### Exercise brief
Everything in the listing below should be repeated verbatim, apart from the pictures.

[[ Stored data, beginning ]]

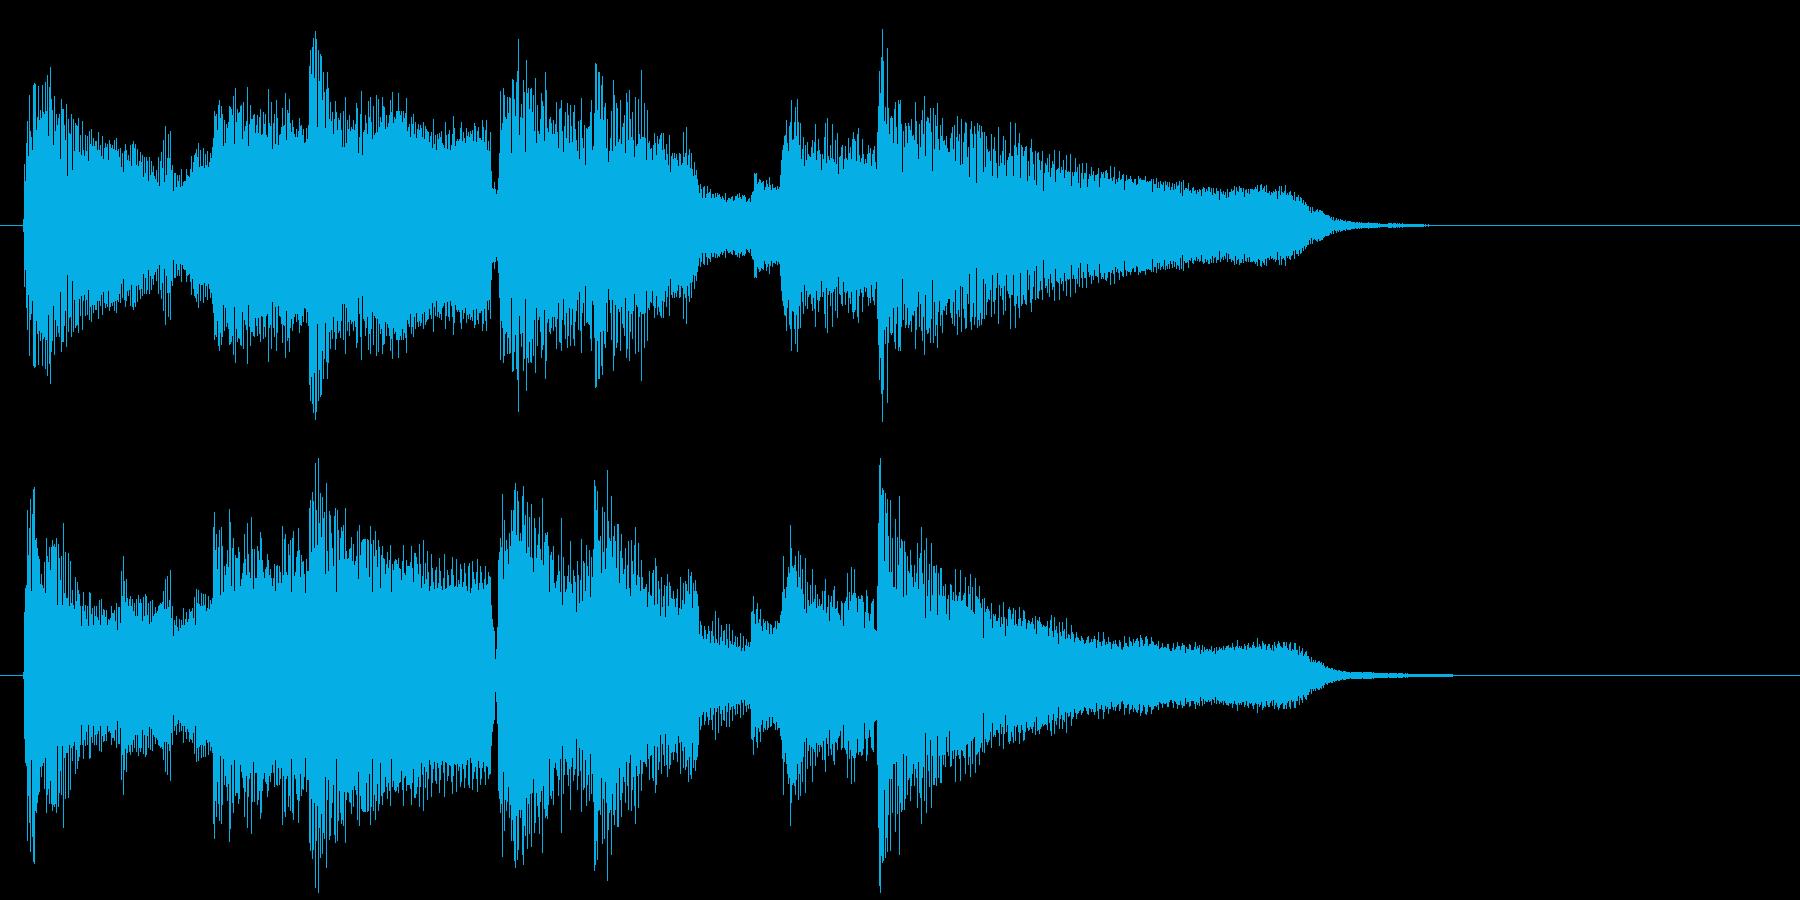 昔のアニメの終わり際っぽい素朴なジングルの再生済みの波形
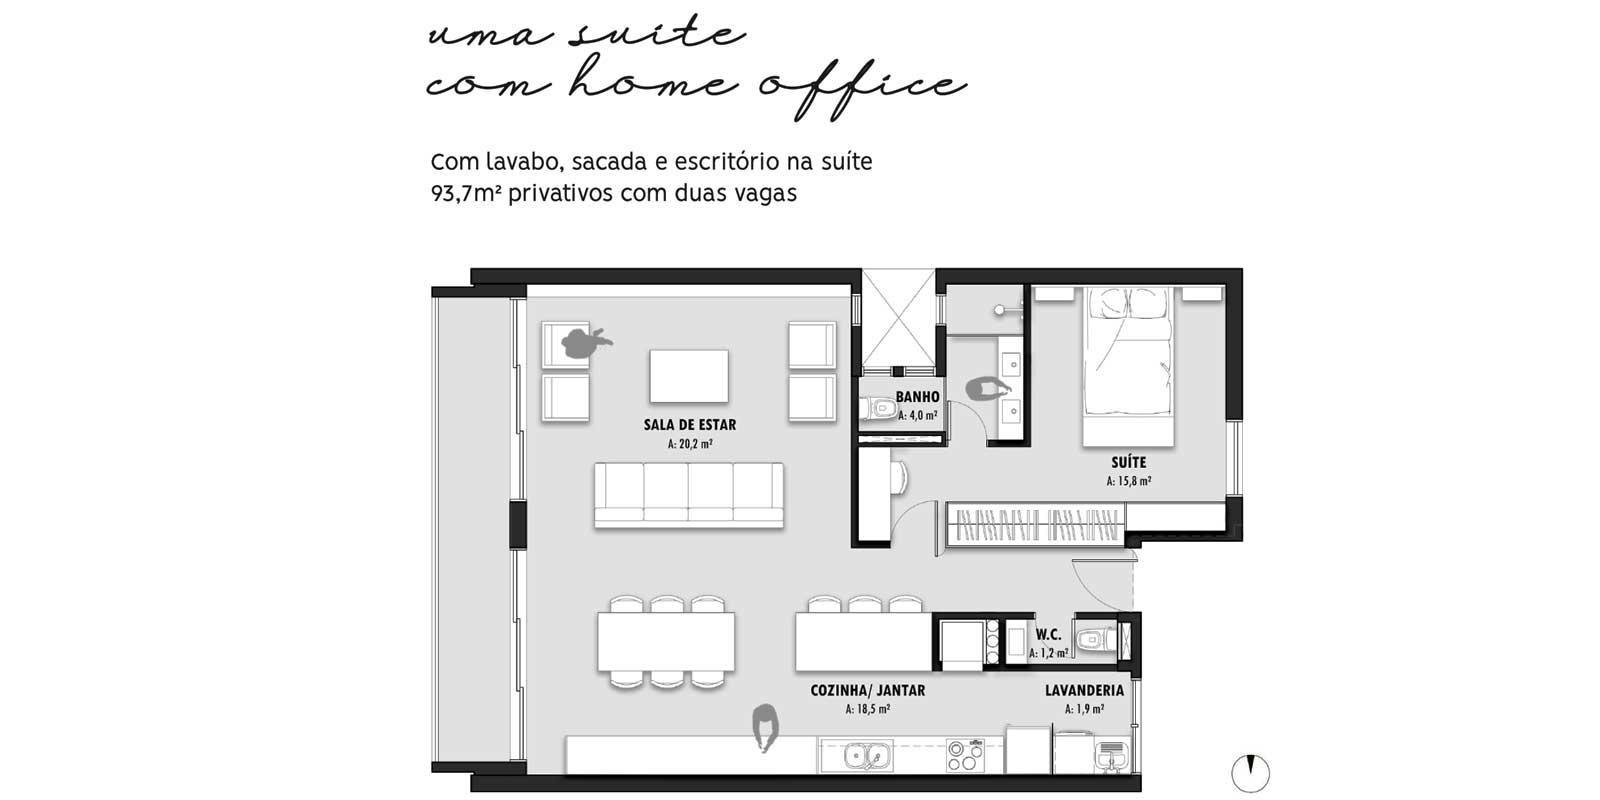 TPS Imóveis - Veja Foto 19 de 20 do Apartamentos com 1 ou 2 suítes com piscina na cobertura
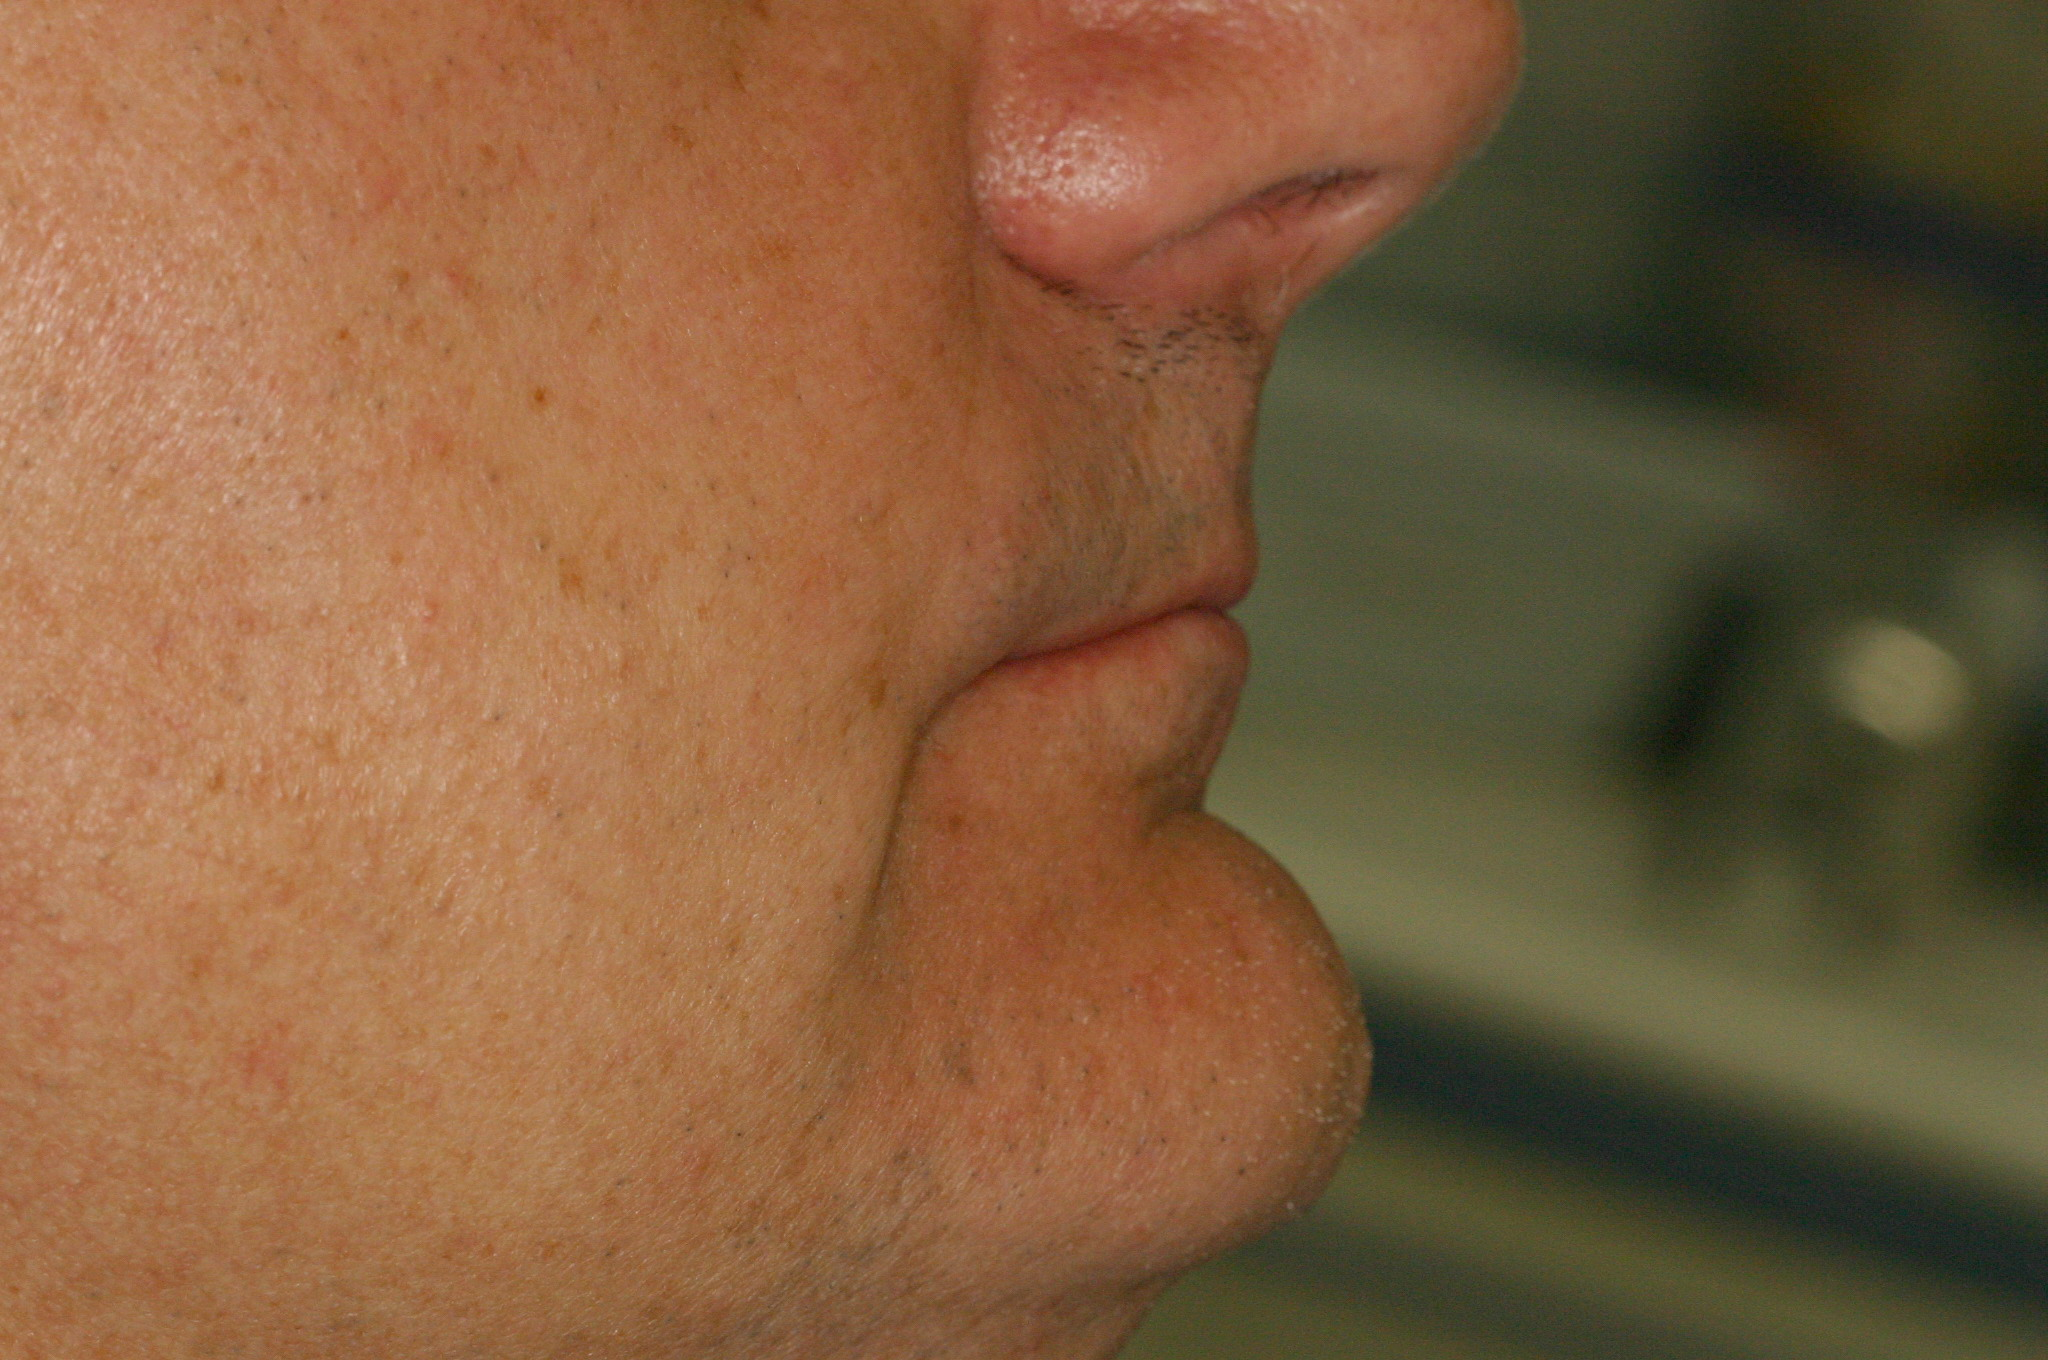 Рис. 5б. Пациент 65 лет с ОМД, снижением нижней трети лица: профиль.

[[ Stored data, end ]]

### Response to the exercise
 昔のアニメの終わり際っぽい素朴なジングルの再生済みの波形
 TPS Imóveis - Veja Foto 19 de 20 do Apartamentos com 1 ou 2 suítes com piscina na cobertura
 Рис. 5б. Пациент 65 лет с ОМД, снижением нижней трети лица: профиль.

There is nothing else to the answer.